Serbian Prime Minister Nikola Pašić wanted to abandon the Niš Declaration in 1916 and reduce the wartime objectives to liberation of Serbian territory and gaining control over areas inhabited by ethnic Serbs, but he was overruled by the Prince Regent Alexander. The Entente never accepted the Niš Declaration. International support for Austria-Hungary's preservation would not begin to wane until the United States entered the war in 1917. Nonetheless, in his Fourteen Points speech, U.S. President Woodrow Wilson only promised autonomy for the peoples of Austria-Hungary. Preservation of the dual monarchy was not abandoned before the signing of the Treaty of Brest-Litovsk in March 1918 when the allies became convinced that it could not resist a Communist revolution.

On 30 May 1917, South Slavic members of Vienna's Imperial Council presented the body with the May Declaration, a manifesto demanding the unification of Habsburg lands inhabited by Croats, Slovenes, and Serbs into a democratic, free and independent state equal in status to Cisleithania or the Kingdom of Hungary, under the Habsburg dynasty.
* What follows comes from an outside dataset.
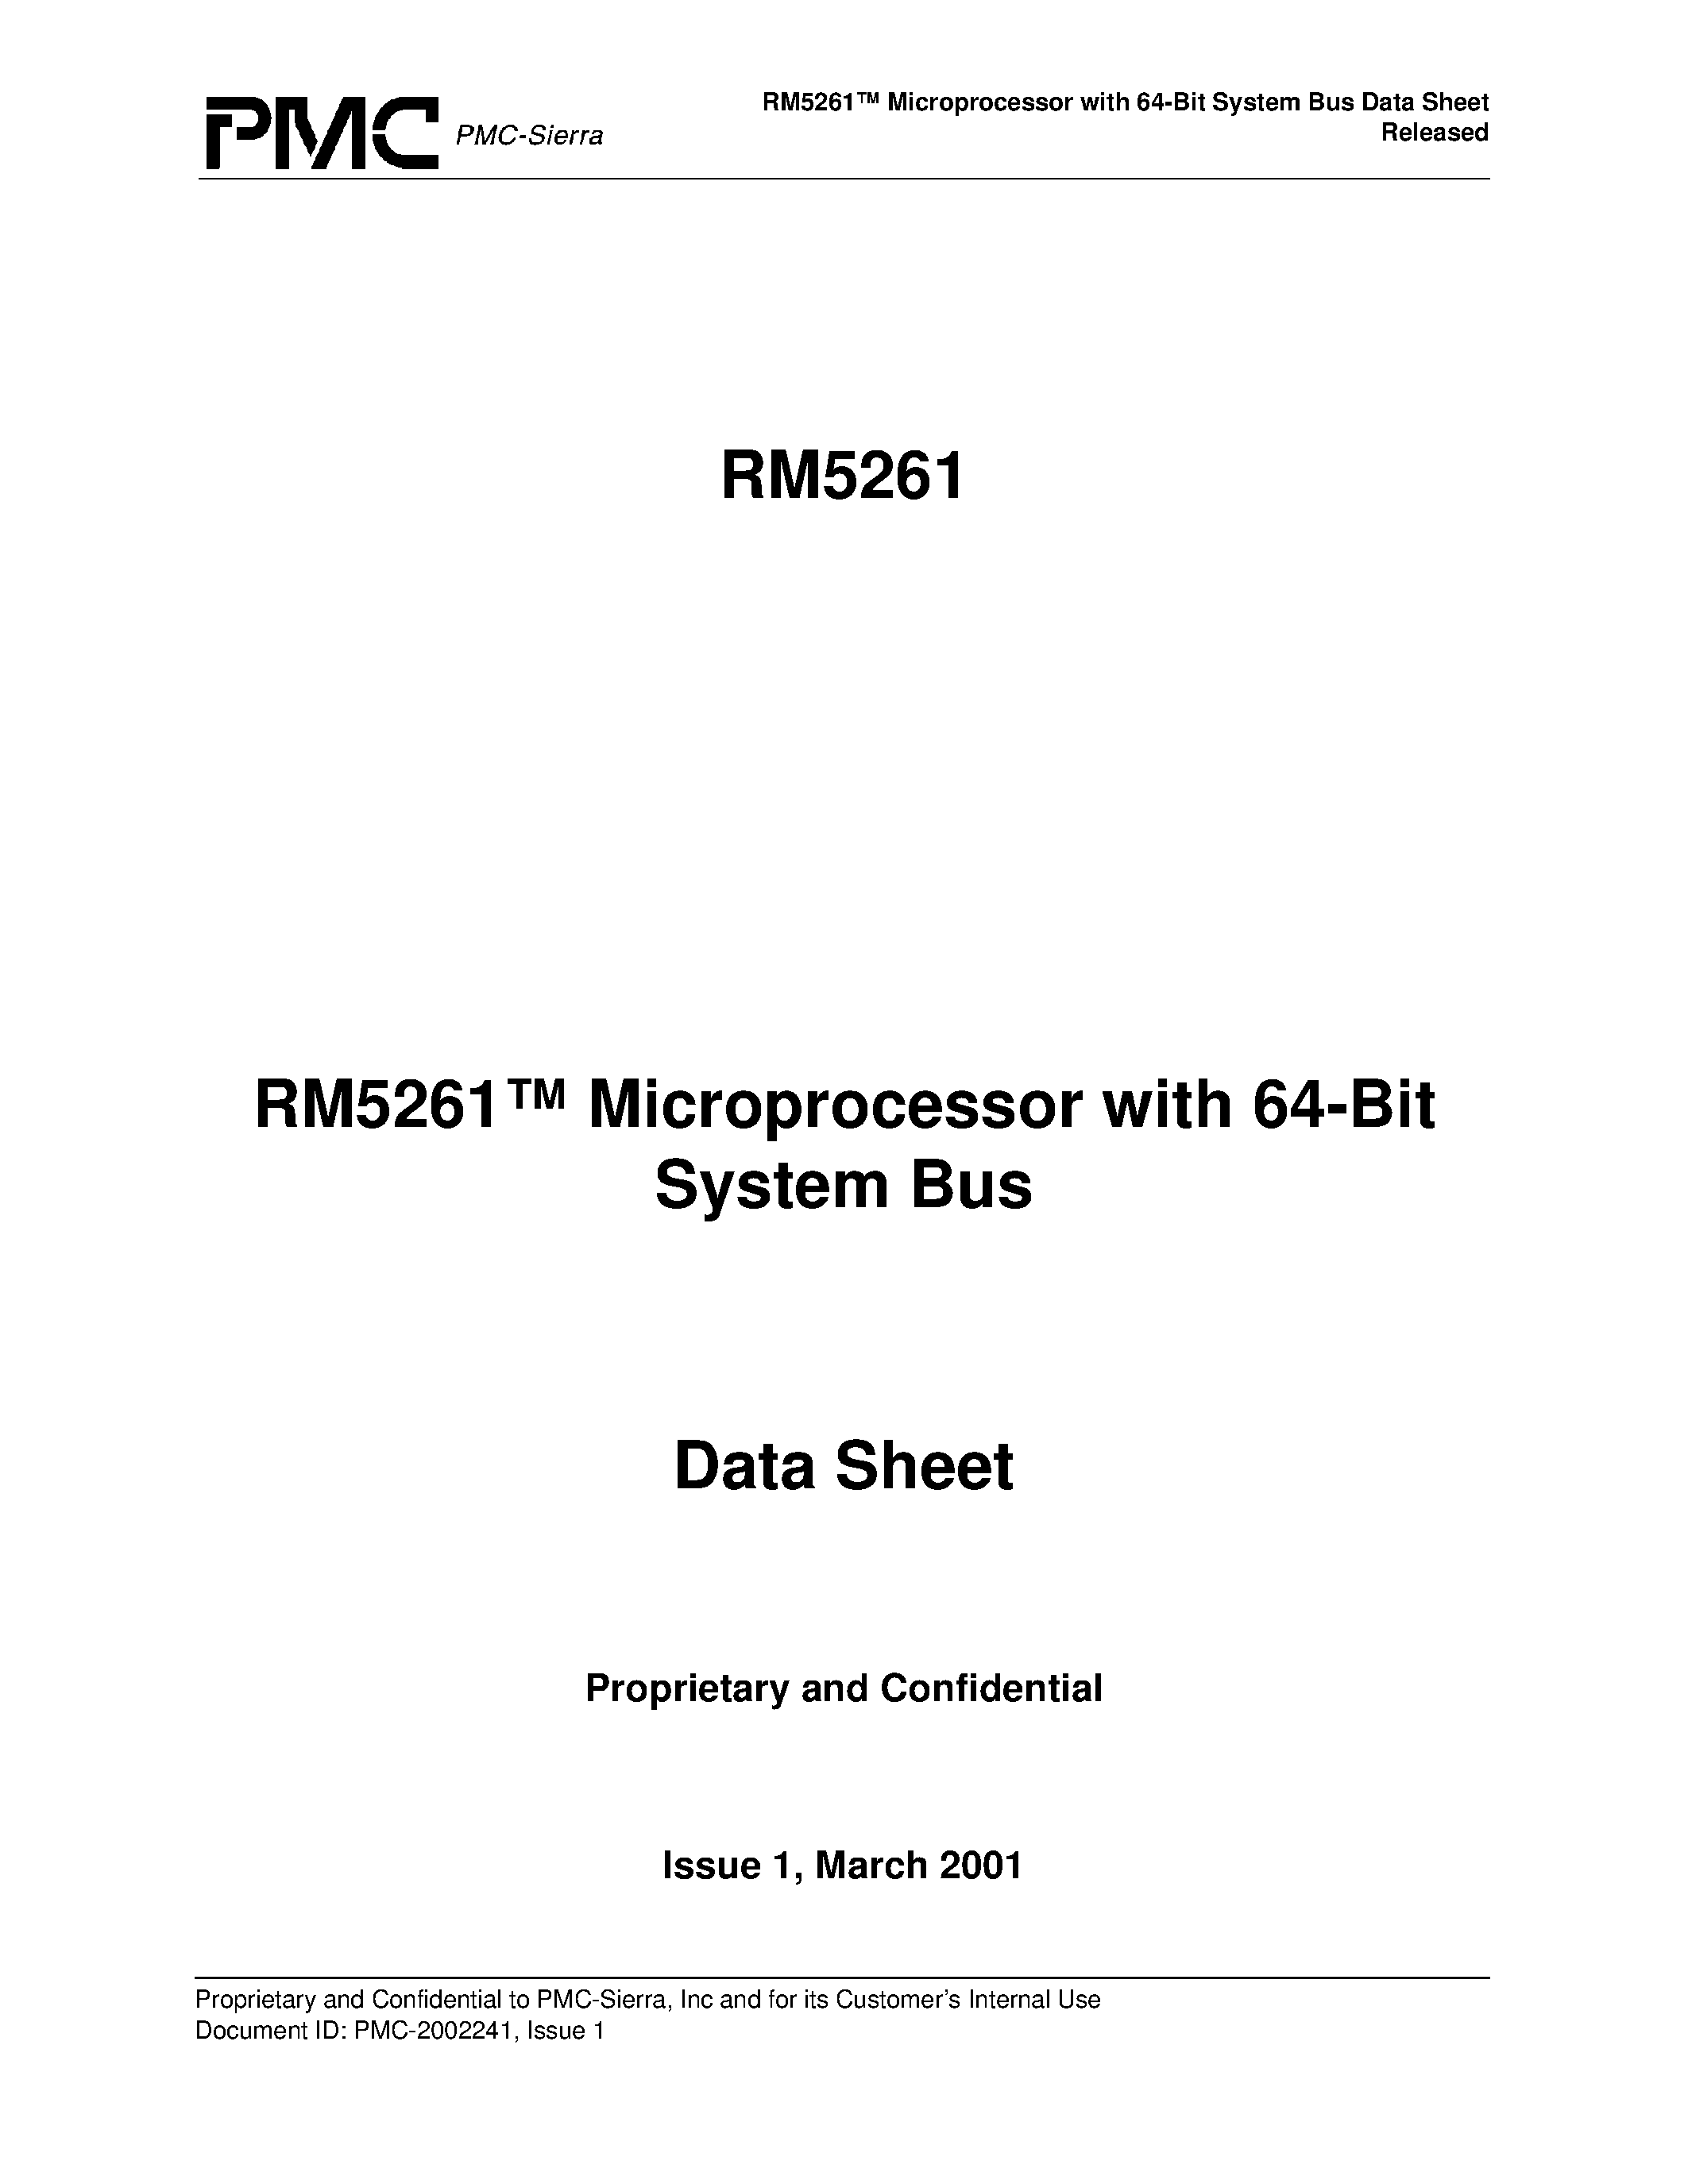 Даташит RM5261-250-Q - RM5261 Microprocessor with 64-Bit System Bus Data Sheet Released страница 1

The May Declaration was issued while the Entente was still looking for ways to achieve a separate peace with Austria-Hungary and thereby detach it from the influence of the German Empire. This presented a problem for the Serbian government, then exiled on the Greek island of Corfu following the Great Retreat in the winter of 1915–1916. If a separate peace treaty materialised, it increased the risk of a trialist solution for the Habsburg South Slavs, preventing the fulfillment of Serbia's war objectives. Lacking previously strong Russian diplomatic backing since the February Revolution, Pašić felt compelled to come to an arrangement with the Yugoslav Committee, an ad-hoc group of intellectuals and politicians from Austria-Hungary claiming to represent the interests of South Slavs, whose most prominent member, Frano Supilo, advocated a federation to counter the threat of Serbian hegemony in a common South Slavic state.

Pašić invited the Yugoslav Committee to talks on the principles of post-war unification which produced the Corfu Declaration in July 1917. The new declaration retained the "one tri-named people" phrase first used in the Niš Declaration.